§ TASK INSTRUCTIONS: Reproduce the whole listing exactly, omitting any picture it holds.

§ INFORMATION SHOWN:
*** Block opens ***

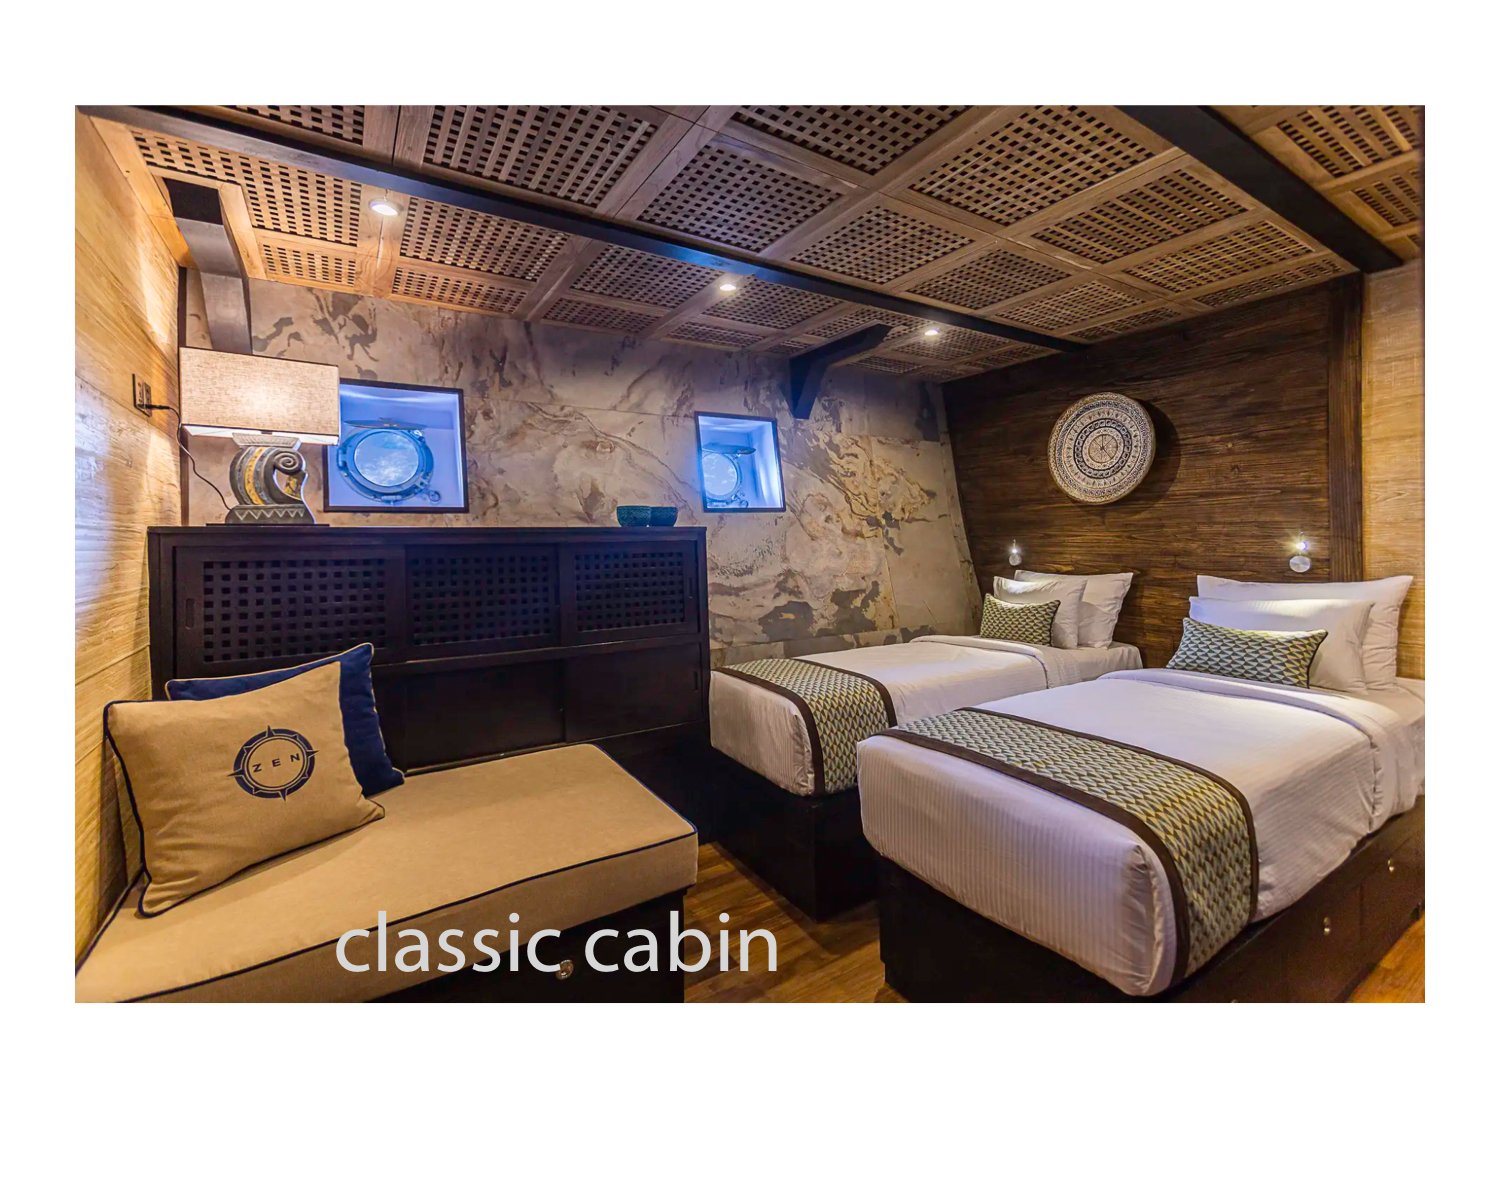 spice island_luxurious_classic cabin_02.jpg
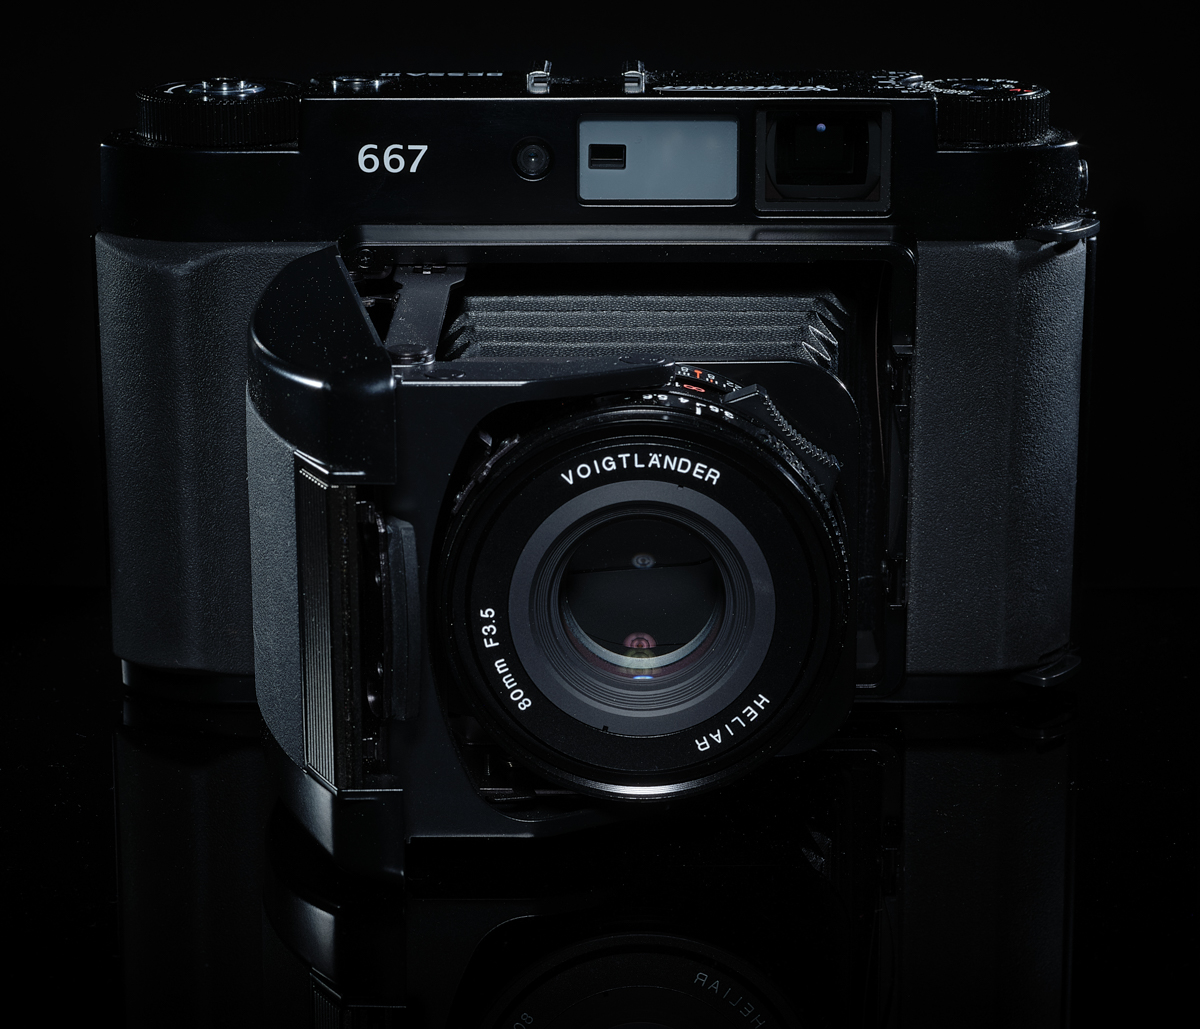 My Voigtländer Bessa III 667 with its Heliar 80mm f/3.5 lens
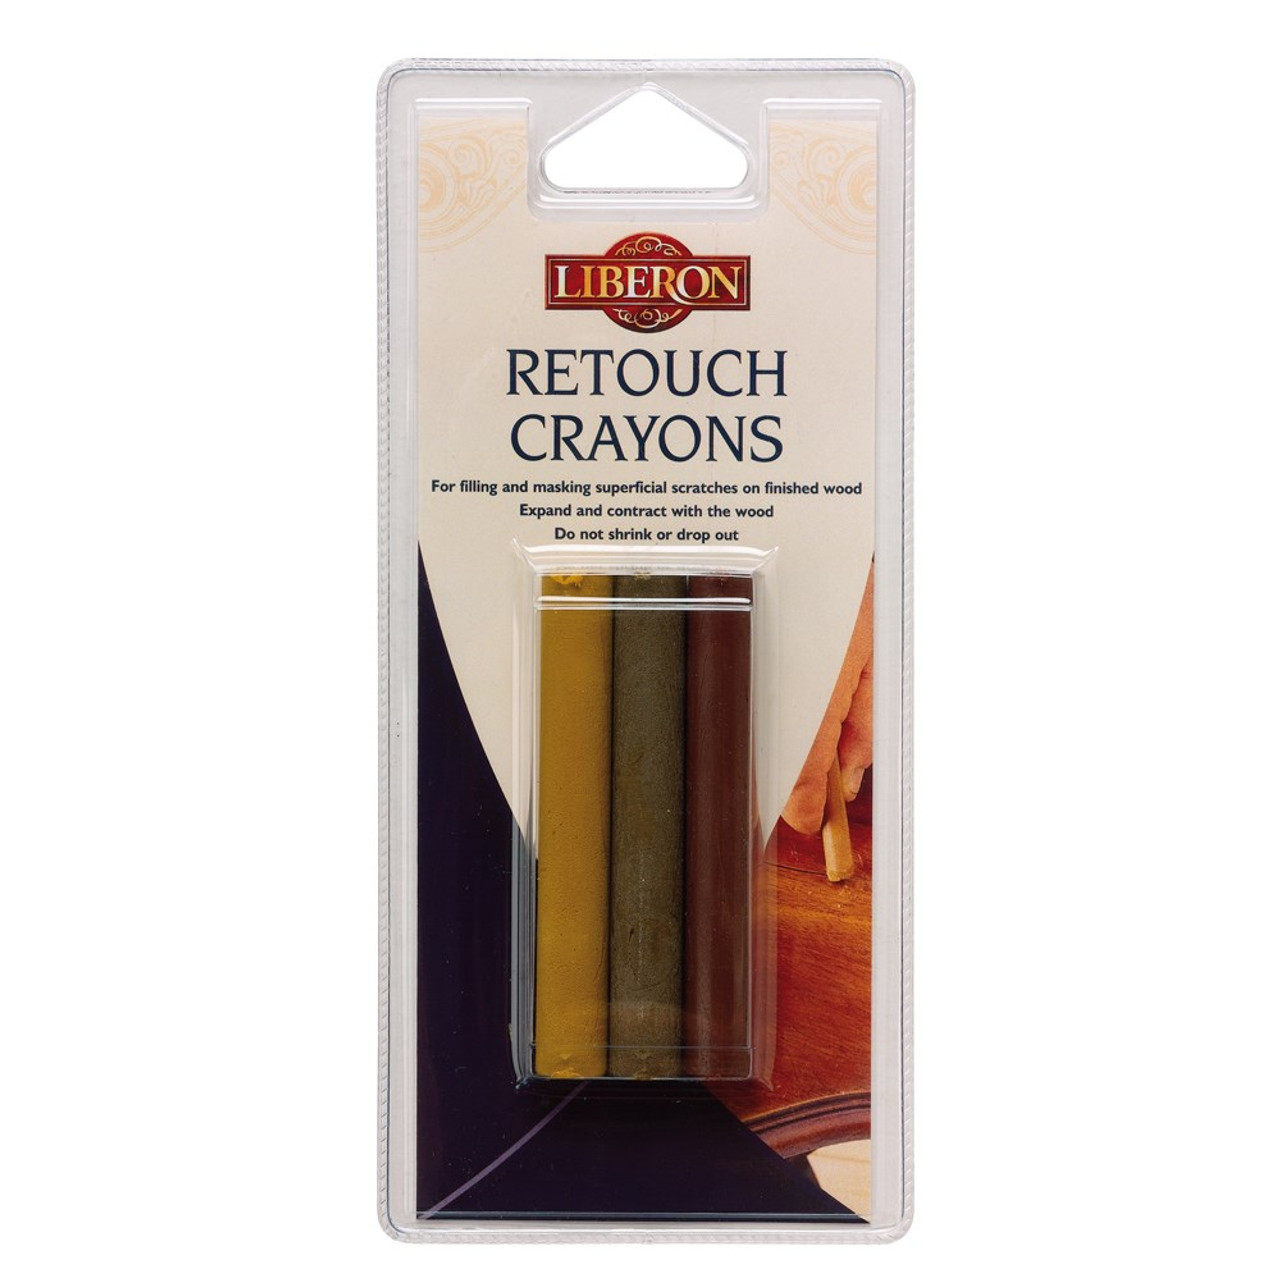 LIBERON Crayon de retouche - Réparation bois, Acajou, 30mL

*** Block closes ***

§ RESPONSE TO THE EXERCISE:
 spice island_luxurious_classic cabin_02.jpg
 My Voigtländer Bessa III 667 with its Heliar 80mm f/3.5 lens
 LIBERON Crayon de retouche - Réparation bois, Acajou, 30mL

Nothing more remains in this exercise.